Role. The role is system-definition memory. A stored tool changes the agent's future action space because later planning and execution can retrieve and call that function. The course JSON is closer to work history or curriculum state; the tool repository is the real behavior-changing artifact.
Scope. Scope is local to the configured generated-tool repository, defaulting to oscopilot/tool_repository/generated_tools. There is no per-project provenance model beyond choosing a repository path, and no cross-tool abstraction layer.

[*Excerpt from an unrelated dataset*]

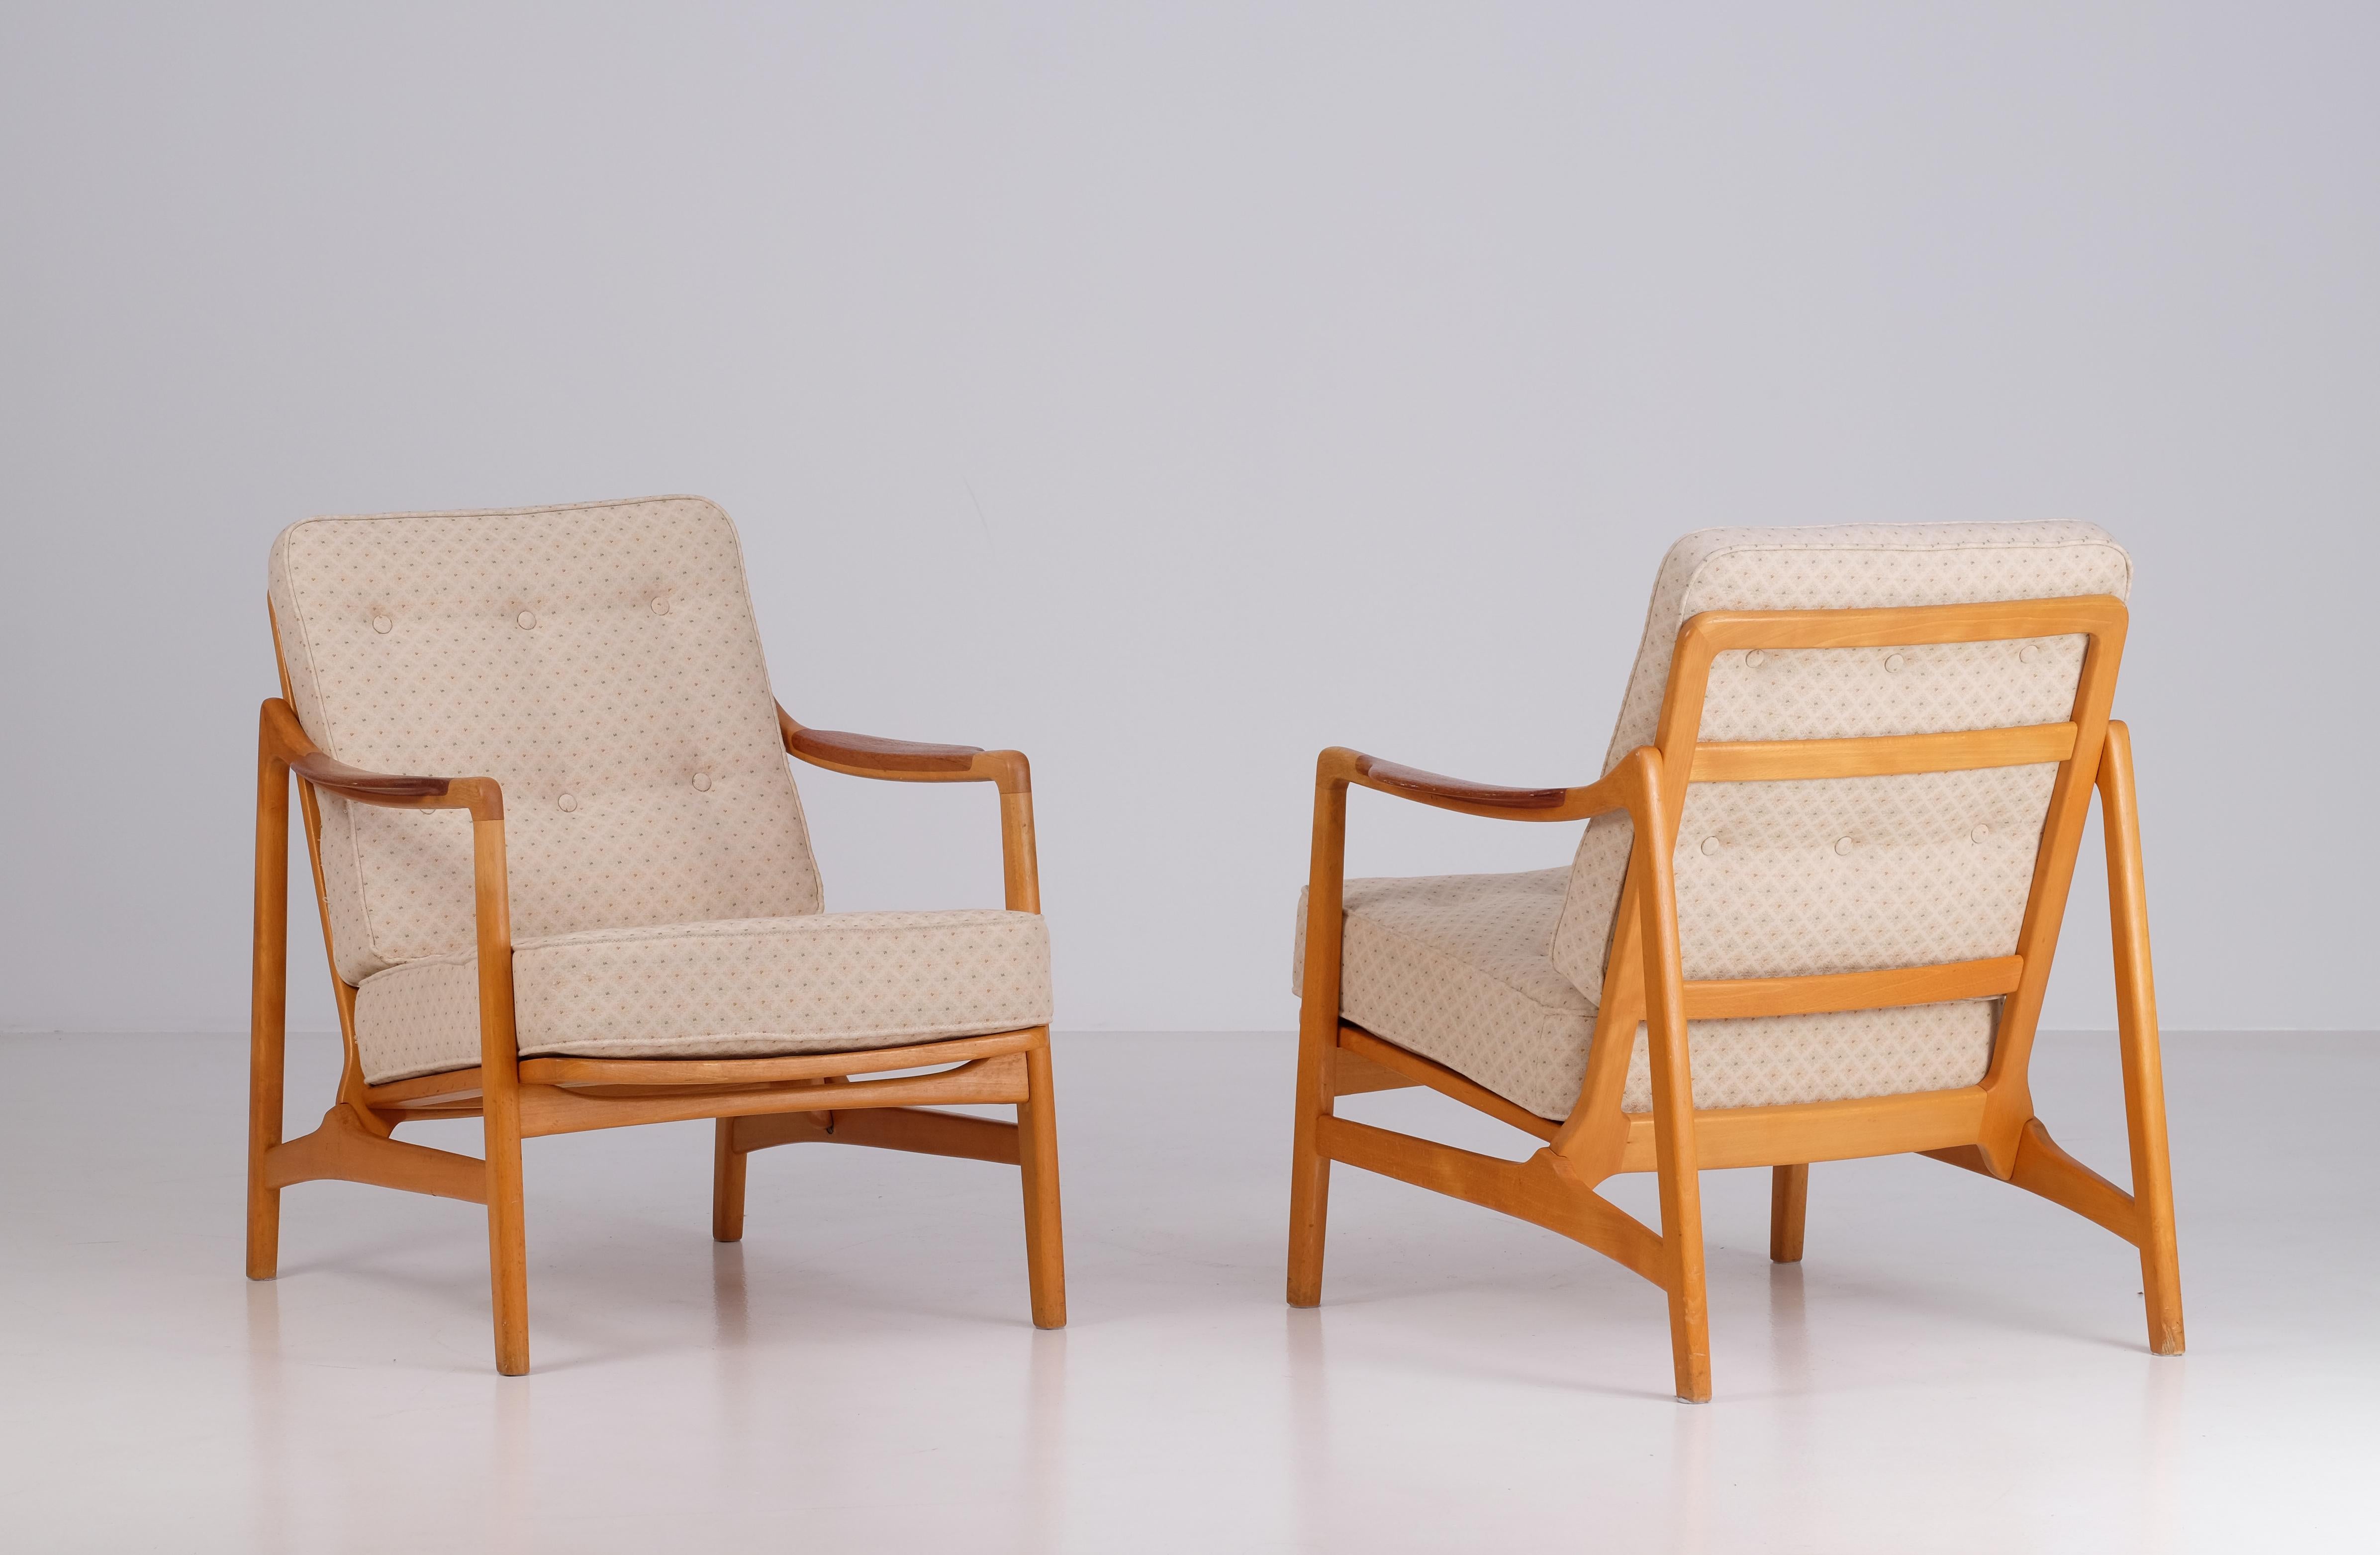 Swedish Pair of Tove and Edvard Kindt-Larsen Lounge Chairs, 1960s For Sale

Timing. The loop is online during task execution and staged during curriculum learning. Each task can promote a successful Python subtask immediately; continuous learning repeats course design, lesson execution, and tool accumulation.
Survey placement. On the trace-derived survey, OS-Copilot sits in the executable-skill-library branch: traces are not condensed into lessons or rules but into callable tools. It strengthens the survey's symbolic-artifact claim and adds a useful contrast to prose-memory systems: the artifact is harder to audit semantically, but more directly behavior-changing.
Curiosity Pass
The headline phrase "self-improvement" is accurate only in a constrained sense. FRIDAY does not improve its model, prompts, planner, or retrieval policy. It improves by accumulating generated Python functions that future tasks can retrieve. That is still learning, but it is tool-library growth rather than agent-wide adaptation.
The code/course boundary is also weaker than the release note suggests. The self-learning loop can read prior course JSON and ask for advanced non-duplicate lessons, but the implementation saves the new course object after each run rather than maintaining a rich course history with outcomes. The stronger trace-derived mechanism is not course persistence; it is successful subtask promotion into the tool repository.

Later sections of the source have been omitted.